Having designed Emigre's "Now Serving!" bulletin board environment and, more recently, the electronic "Emigre Catalog" on the Web, we were reminded that the need persists for a comprehensive family of screen fonts with companion printer fonts. We're responding to this need with three families; two families based on 12 point screen fonts (one serif and one sans serif family) named Base-12, and one family based on 9 point screen fonts named Base-9, consisting of a total of 24 individual faces.
To a great degree, in the design process of these faces, the screen fonts dictated the look of the printer fonts, rather than the other way around, because outline fonts have a greater degree of flexibility than do screen fonts. For example, the proportions of the screen font determined the exact character widths within which the outline characters were adjusted to fit. Usually this process is reversed; character widths are normally adjusted to fit around the outline characters.
The Design Problem
The greatest challenge in harmonizing the legibility of screen fonts with printer fonts is that of spacing. Although some existing printer fonts have companion screen fonts that are quite legible on screen, they tend to have two shortcomings. The first problem is that traditional screen fonts are adjusted to fit the shapes and widths of the printer fonts, and therefore have some inherent spacing and character shape problems, since the printer font inevitably forces unnatural widths or shapes in the screen fonts. The other problem is that of spacing inconsistencies at text sizes due to fractional widths. In traditional fonts, the width of a bitmap character is a rounded off measurement, calculated from the corresponding outline character. For example, an outline character with a cell width of 620 at an Em-square of 1,000 will be rounded to 6 pixels in a 10 point screen font. The information about the remaining 2/10 of a pixel is stored in the fractional width table. When lines of text are composed, many programs (such as page layout programs) match the screen font line length to the printer font line length by calculating the cumulative effect of the character width fractions. For example, if a 10 point line of type was composed of 10 characters, each having a remaining 2/10 of a pixel, as in the example above, then the line of type would need to be increased by 1 pixel in order to match the printer output. As a result, an extra pixel of space would be inserted between two of the characters, thereby causing uneven spacing. In this manner, some characters may be moved a pixel to the left or right, thus overriding the spacing intentions of the hand-edited bitmap font.
Rather than deriving the screen font from the printer font, I decided to derive the printer font from the screen font. The first step, therefore, was choosing the most appropriate screen font point size.
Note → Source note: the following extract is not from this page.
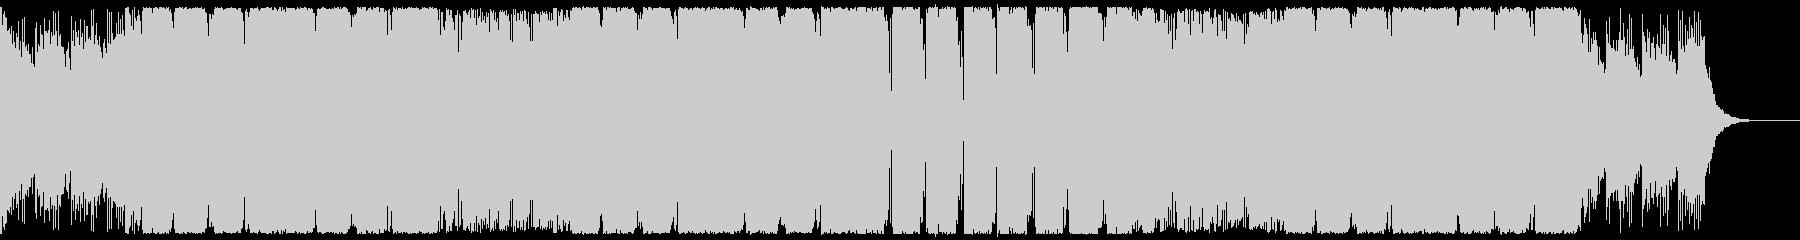 パワフルで重厚なEDM CM・映像等にの未再生の波形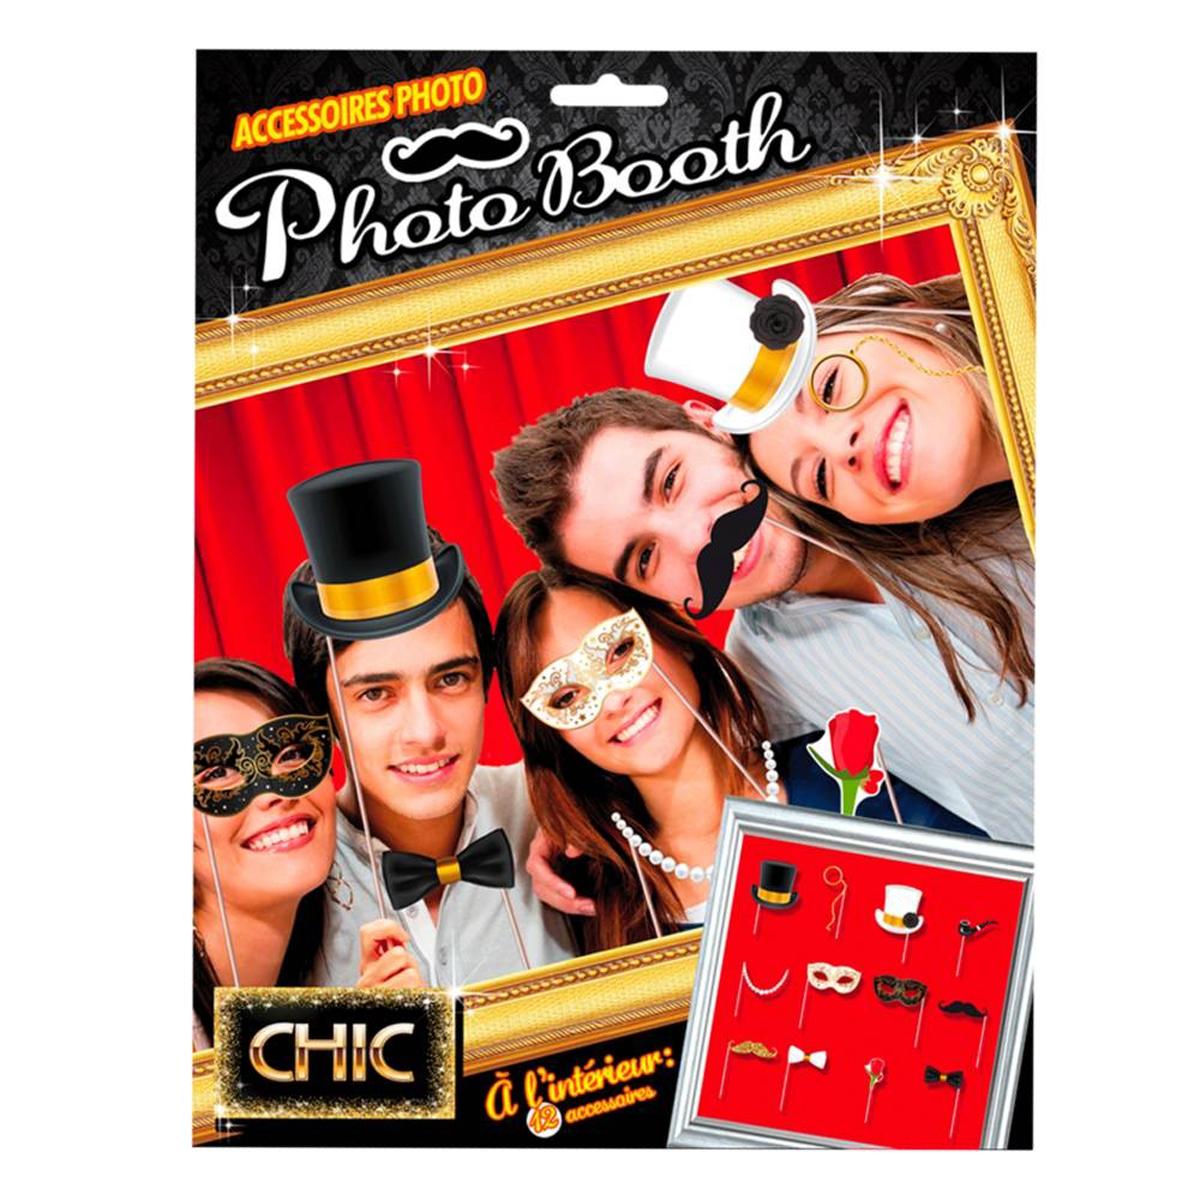 Accessoires photobooth \'Chic party\' noir doré blanc -12 pièces (masques chapeaux) - [P0275]

For various reasons, the 12 point size proved to be the most useful. 12 point is the default size for most applications and Web browsers, and 12 point is cleanly scaled to many of the standard sizes to which some applications are limited, namely 24 and 36. Later on in the development process, I added a family based on the 9 point bitmap to facilitate the other popular sizes, 9 and 18.
Base-12 Sans: 12 point screen font enlarged 3x to 36 point,
with 36 point comparison shown below.
Base-12 Serif: 12 point screen font enlarged 3x to 36 point,
with 36 point comparison shown below.
Base-9 Sans: 9 point screen font enlarged 4x to 36 point,
with 36 point comparison shown below.
The popularity of the 12 point screen font is also due to the relatively coarse screen resolution of computer screens, which cause the perceived font size on screen to be smaller than the corresponding high resolution printout. On the screen, 12 point is comfortable to read, 10 point is still readable, 9 point becomes difficult for extensive text and 8 point is difficult to read. In print, however, the comfort level of reading the various sizes shifts down by at least 2 point sizes.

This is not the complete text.